Michael Bernstein and a cast of thousands published an interesting paper at UIST 2010, which was honored with the Best Student Paper award. The paper describes and evaluates Soylent, a tool that uses Mechanical Turk to generate corrections and suggestions to improve writing. (The name Soylent is not a substitute for dairy in the weeks leading up to Easter; rather, it is derived from the film Soylent Green.)
This work is interesting in a number of ways: it automates the distribution and collection of Mechanical Turk tasks and then integrates the results into an interactive system, it recognizes the limitations of fully-automated approaches, and it suggests a design pattern that can be applied in other contexts .

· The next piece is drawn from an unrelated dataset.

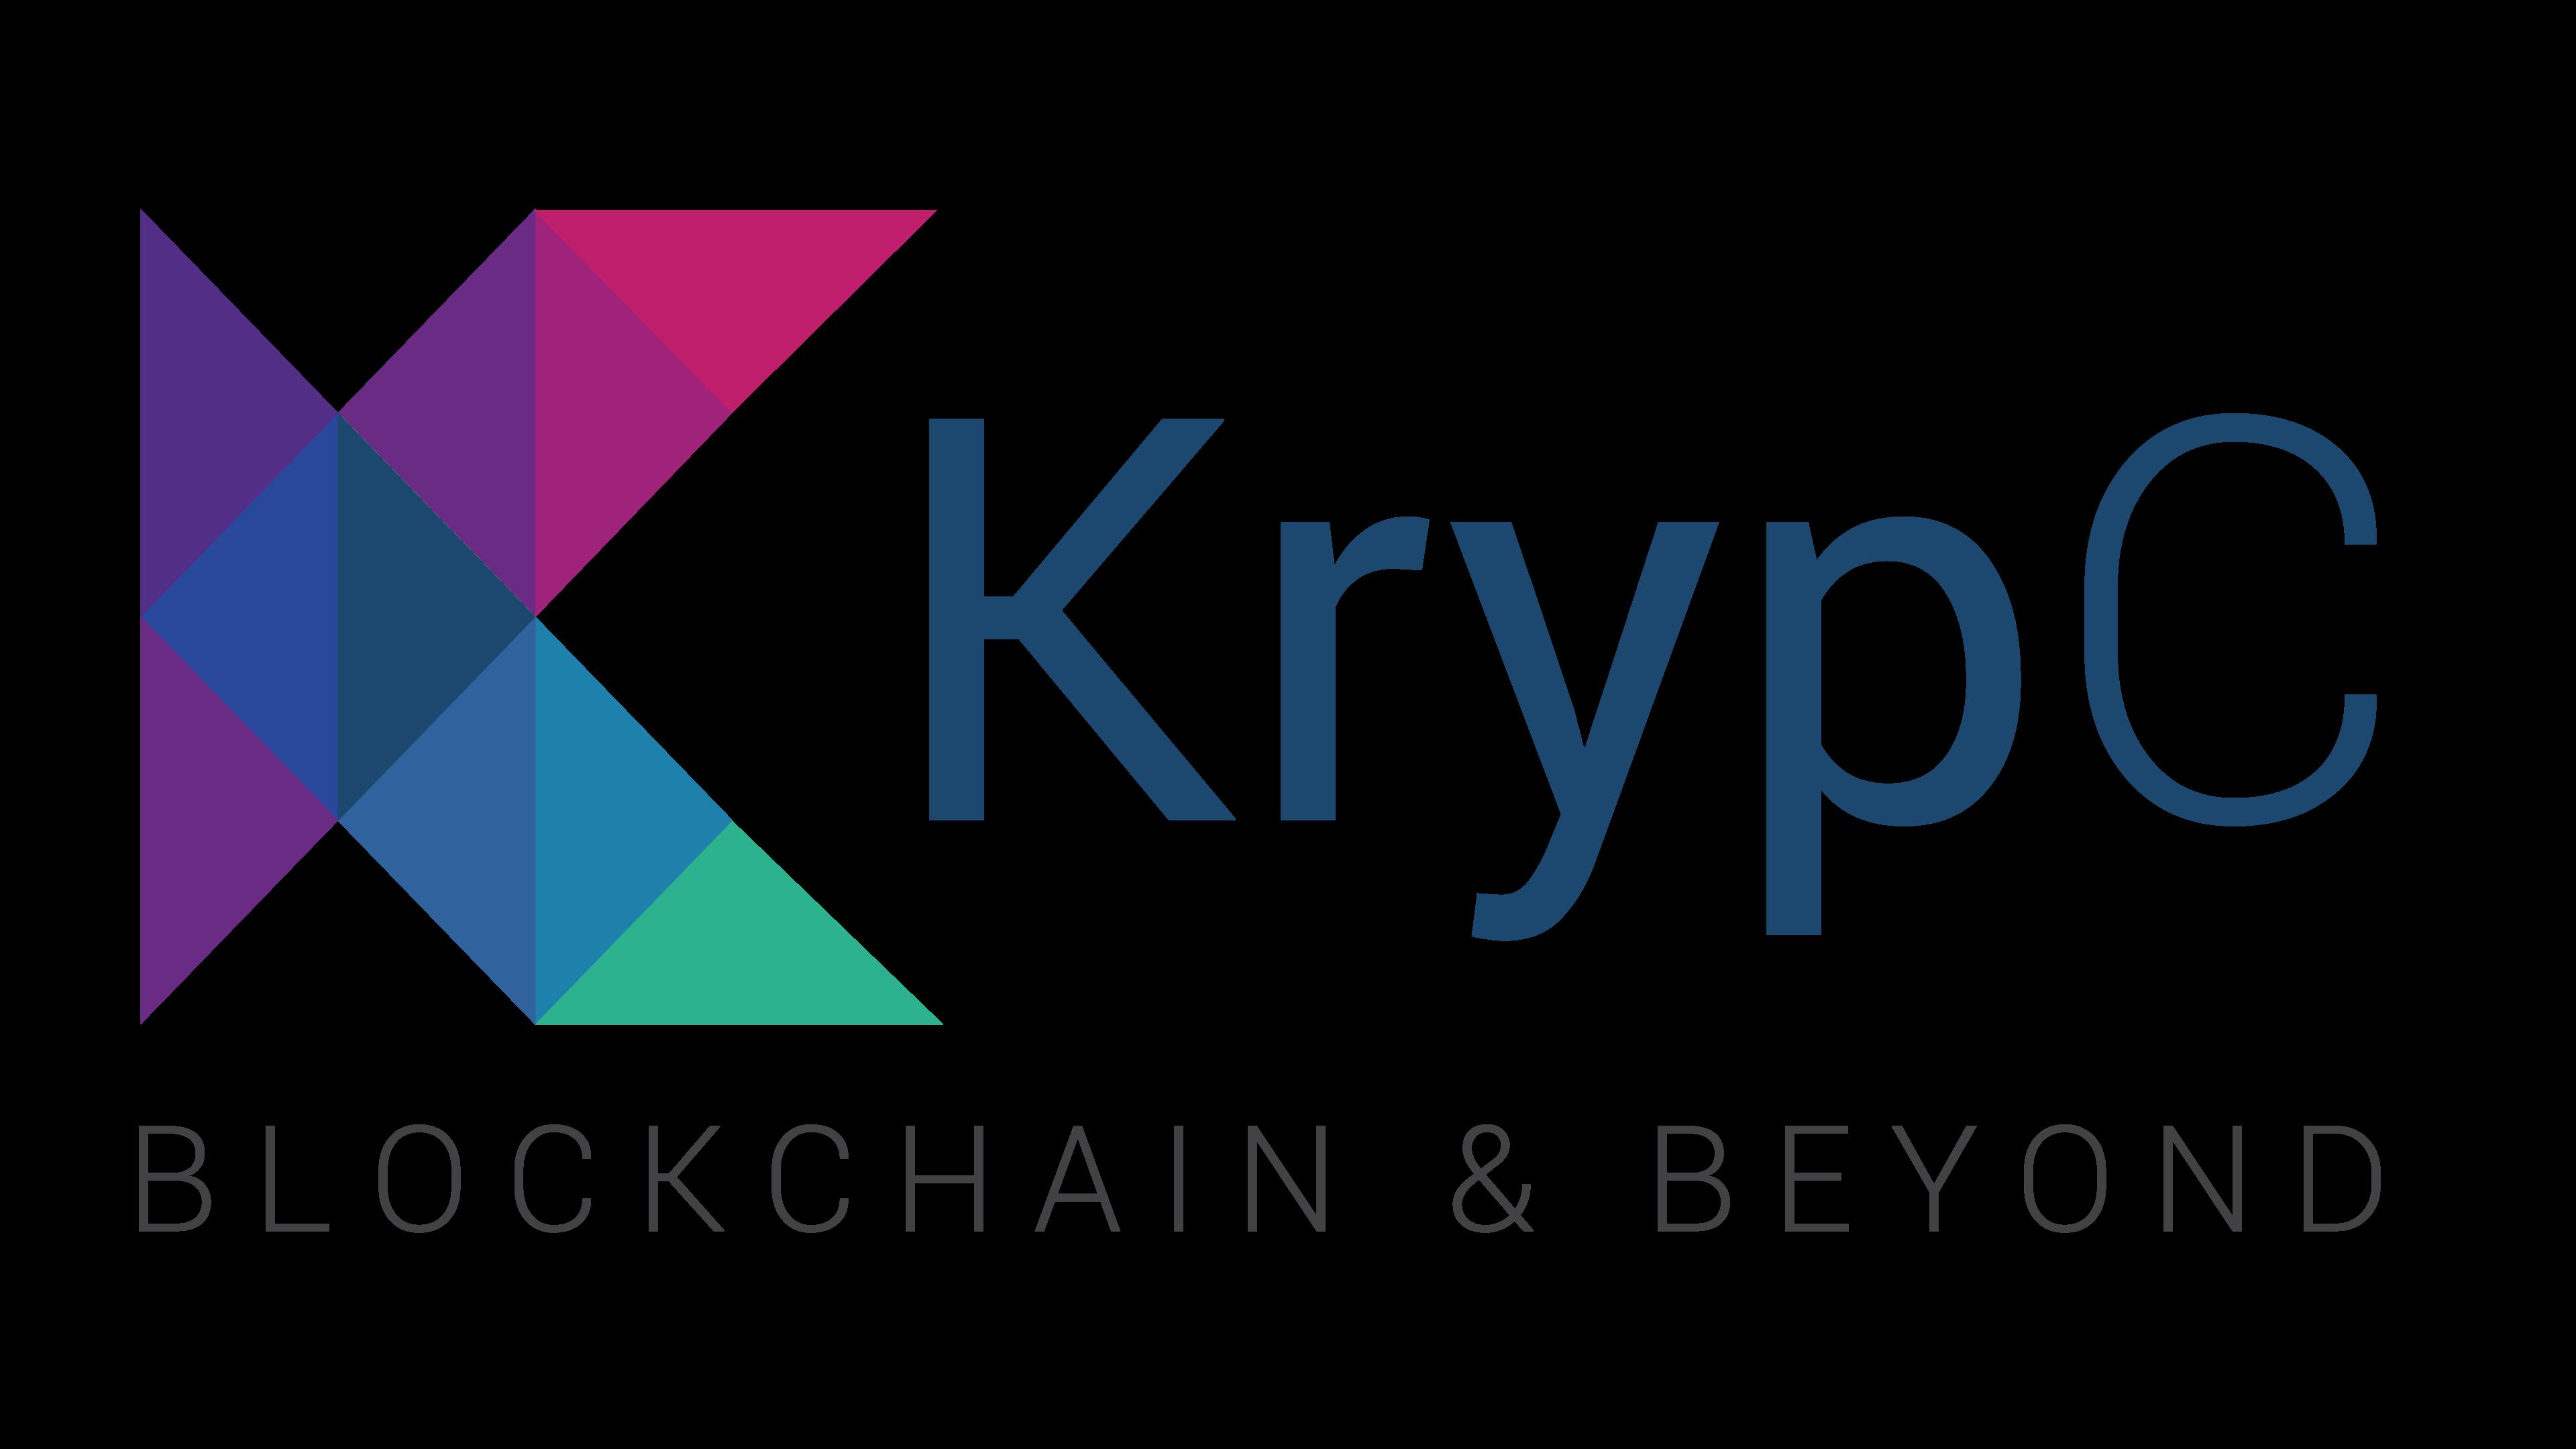 Krypc Technologies Inc.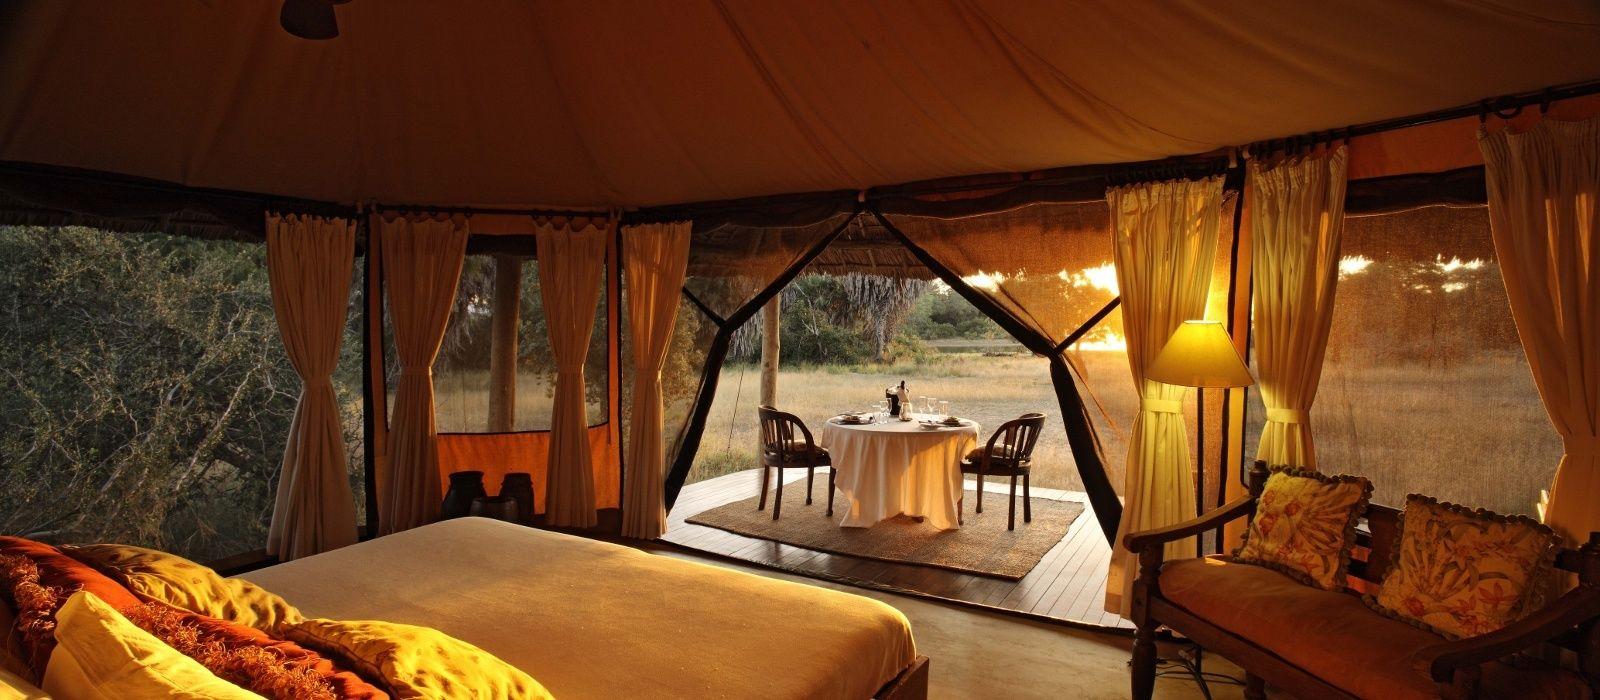 Tansania: Wahre Wildnis, unberührtes Juwel & Inselparadies Urlaub 5

The main contribution of this paper is the idea of embedding paid crowd workers in an interactive user interface to support complex cognition and manipulation tasks on demand. These crowd workers do tasks that computers cannot reliably do automatically and the user cannot easily script.
The paper implements three different components that use Mechanical Turk input: Shortn to shorten text, Crowdproof to do proofreading, and The Human Macro to specify repeated tasks. The Find-Fix-Verify pattern is used to mitigate errors by splitting the identification (find), generation (fix) and validation (verify) parts among different Turkers.
One challenge with this approach is response time and cost. For example, the authors report that most actual work times were under four minutes per stage for the Shortn task, whereas the overall response times were closer to 45-60 minutes for most tasks. The authors argue that as the number of Turkers increases, wait times will decrease and approach the actual work times. It’s not clear to me whether the rate at which Turkers accept these tasks will keep pace with the rate at which writers will submit them. On the other hand, the paper reports anecdotally that decreasing the payout for each stage of the job resulted in comparable quality but took longer. This suggests that it may be possible to pay more for faster service; how to set price points, and whether the potential availability of higher-paying HITs will cause Turkers to hold out for them in lieu of completing the lower-cost ones is an open issue.
The other, related, issue is cost: the Shortn tasks cost roughly between $4.50 and $9.50 for a few paragraphs; Crowdproof cost $2 to $5 per paragraph, and don’t report costs for The Human Macro. These numbers are not cheap, particularly if help is needed throughout a paper. For example, this would generally not be an effective technique for correcting significant mistakes in the writing of non-native English speakers, the kinds of mistakes that often lead to a paper being rejected because it is too hard to understand.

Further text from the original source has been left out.